In short, because thinking that you can beat the index means thinking that you’re smarter than all those other folks who think they’re smarter than you. It gets back to the OP’s quote about spotting the sucker at the poker table. Except that if you go into detail, it’s much worse than that: Betting on being able to beat the index consistently means betting that nobody at the table can spot the sucker, even after they they see the outcome of several hands. Plus, of course, with anything but an index fund, you’re paying fees that’ll eat into your profit (technically, index funds have fees, too, but only a small fraction of a percent).

And for commodities in general (precious metals, land, frozen orange juice concentrate, whatever), don’t buy unless you have something you intend to do with it. If you’re buying land, live on it, or build a business there, or at least rent to someone else who’s doing one of those things. If you’re buying copper, mill it into wires, or smith it into cookware, or whatever. If you’re buying frozen orange juice concentrate, turn it into smoothies. If you’re not doing any of those things, then you’re not really investing at all, just speculating. The thing with commodities is, they tend to remain at constant value with time (in fact, this could be taken as a definition of “value”), so on average, you’re going to end up right where you started with them. You can try to outguess the fluctuations in the market, but that gets right back to finding the sucker at the poker table. The reliable profit comes from taking something and turning it into something more valuable, or in getting a continuing use out of it.
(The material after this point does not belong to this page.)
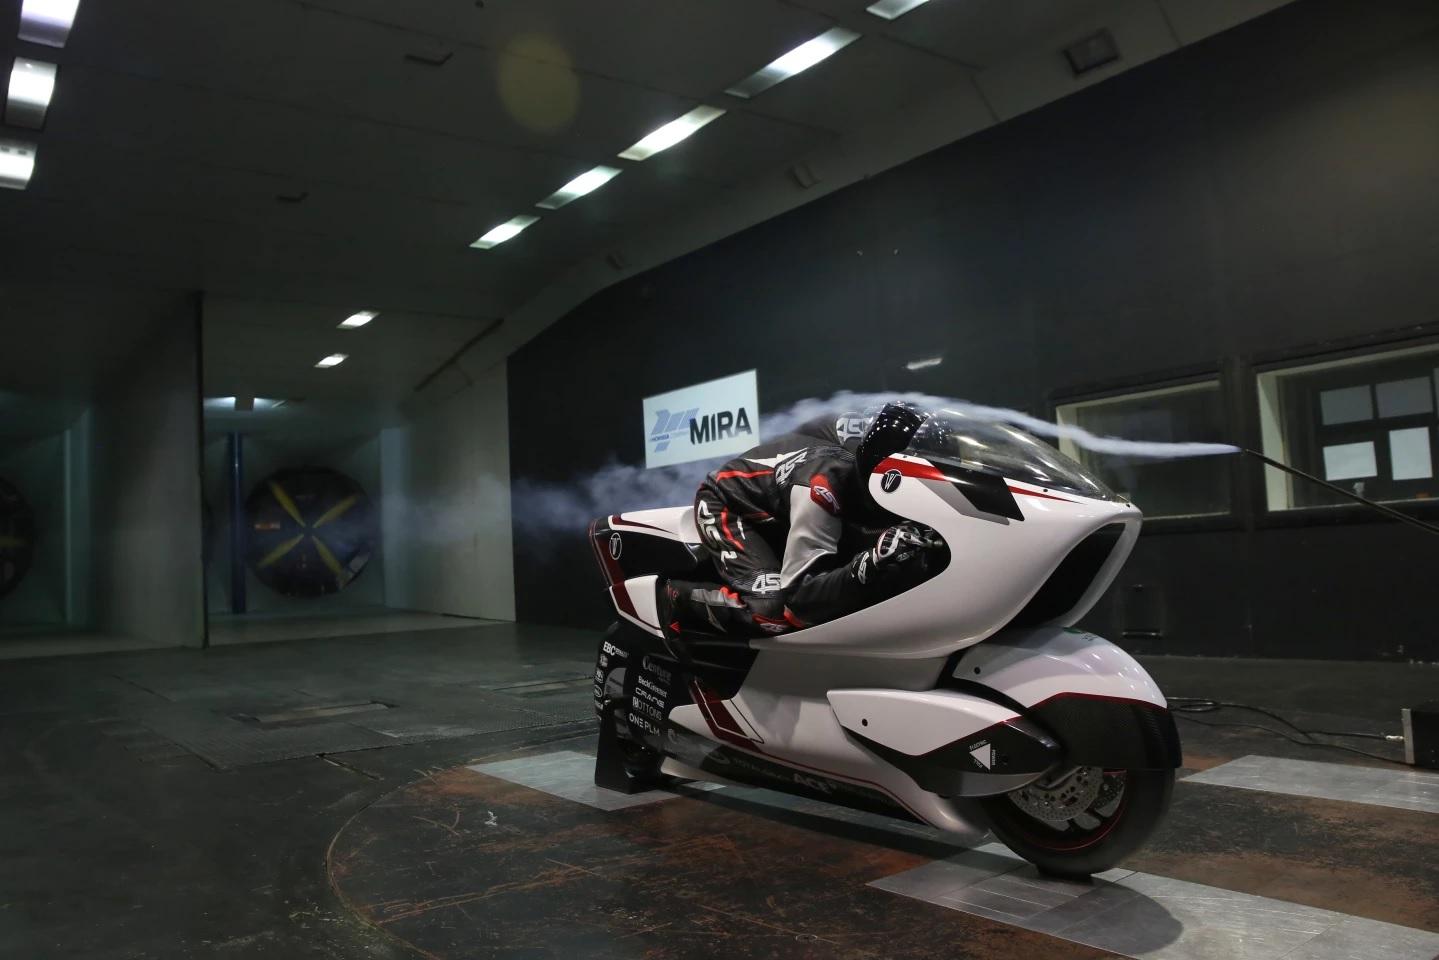 موتورسیکلت الکتریکی که ثبت رکورد سرعت 402 کیلومتر در ساعت را هدف قرار داده است (+فیلم و عکس)

Yes, but they sell it to somebody, usually the host or the host’s sponsor.

Regardless of the specifics of one aspect of the bubble, the point remains that, imho, in the current environment gold is a bad investment for a number of reasons.

IMHO

People who believe that the governments in the USA and Europe are going to stop spending more than they take in in revenues and stop printing currency to pay off their debts, should definately stay away from buying gold.
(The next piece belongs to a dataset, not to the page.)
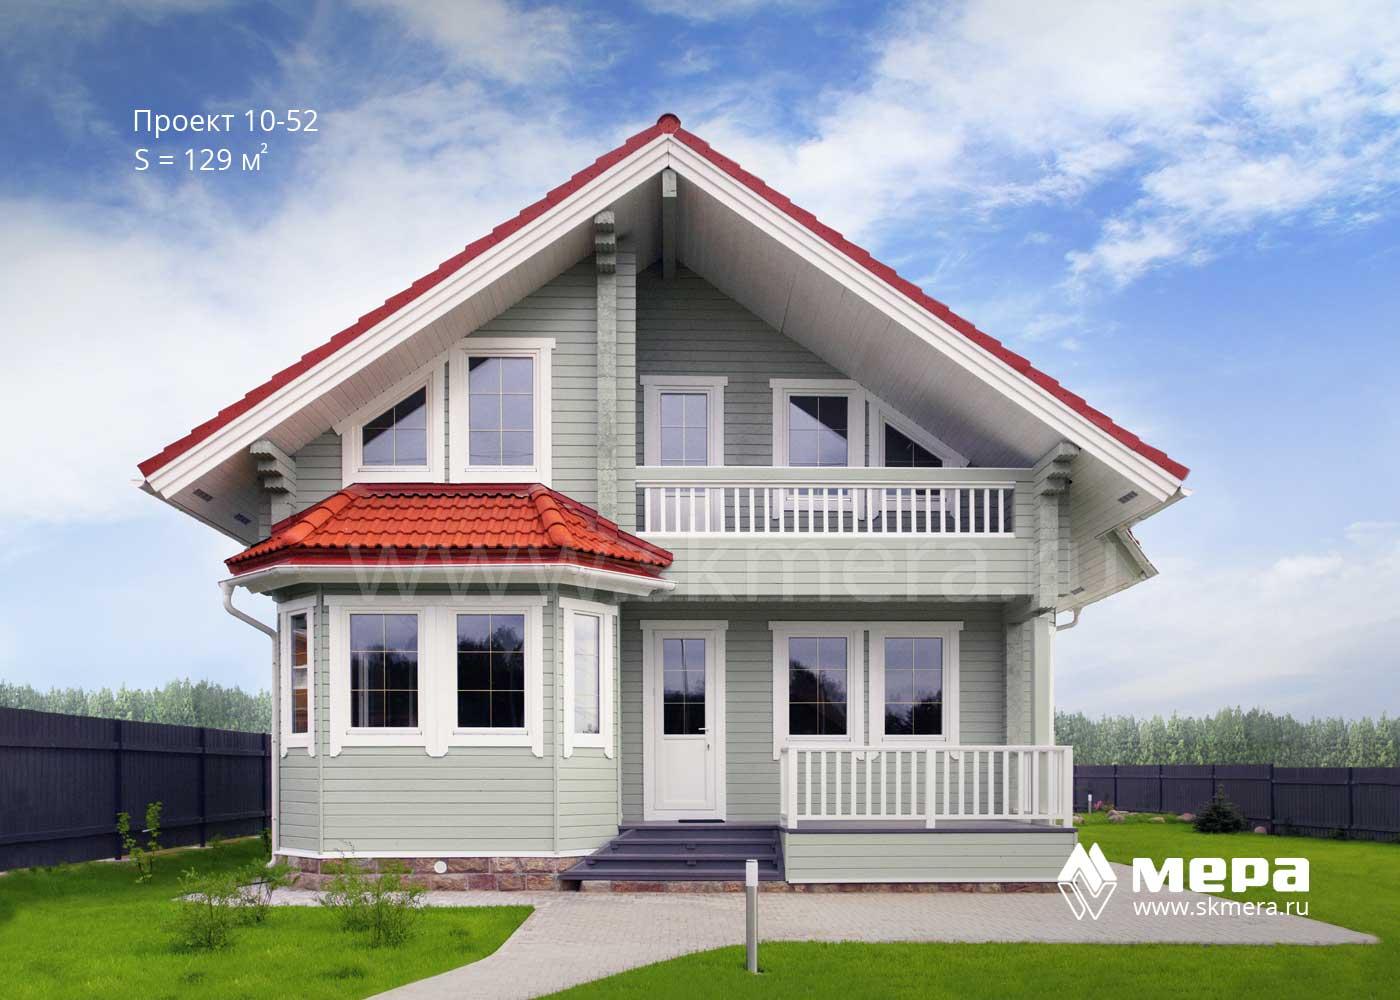 Дом из клееного бруса по проекту 10-52

If on the other hand, individuals who believe these governments will continus to spend more then they take in and have to continue borrowing and monitizing their debt by printing money, should continue to buy gold.

It just depends on whether you trust your government to have your best interests in mind when they make decisions.

Not “just”, but to be honest, I don’t want to debate gold’s worthiness as an investment.

I do know this: You buy low, sell high. Buying an investment that is already at its all-time high is thumbing your nose at this obvious rule, daring it to go down.

(Waiting for “adjusted for inflation” retort… ) :wink:

Apparently Warren Buffett agrees with you, as he’s buying 50,000 preferred shares for five billion dollars.

You’d think that with the upcoming collapse of the financial world and all, he’d put it in gold, especially as the price of the metal has dropped almost 10% since Monday. :wink:

Seriously, though. Congratulations on identifying an undervalued stock. I hope you’ve already bought some, as Buffett’s investment should trigger a rise in the price.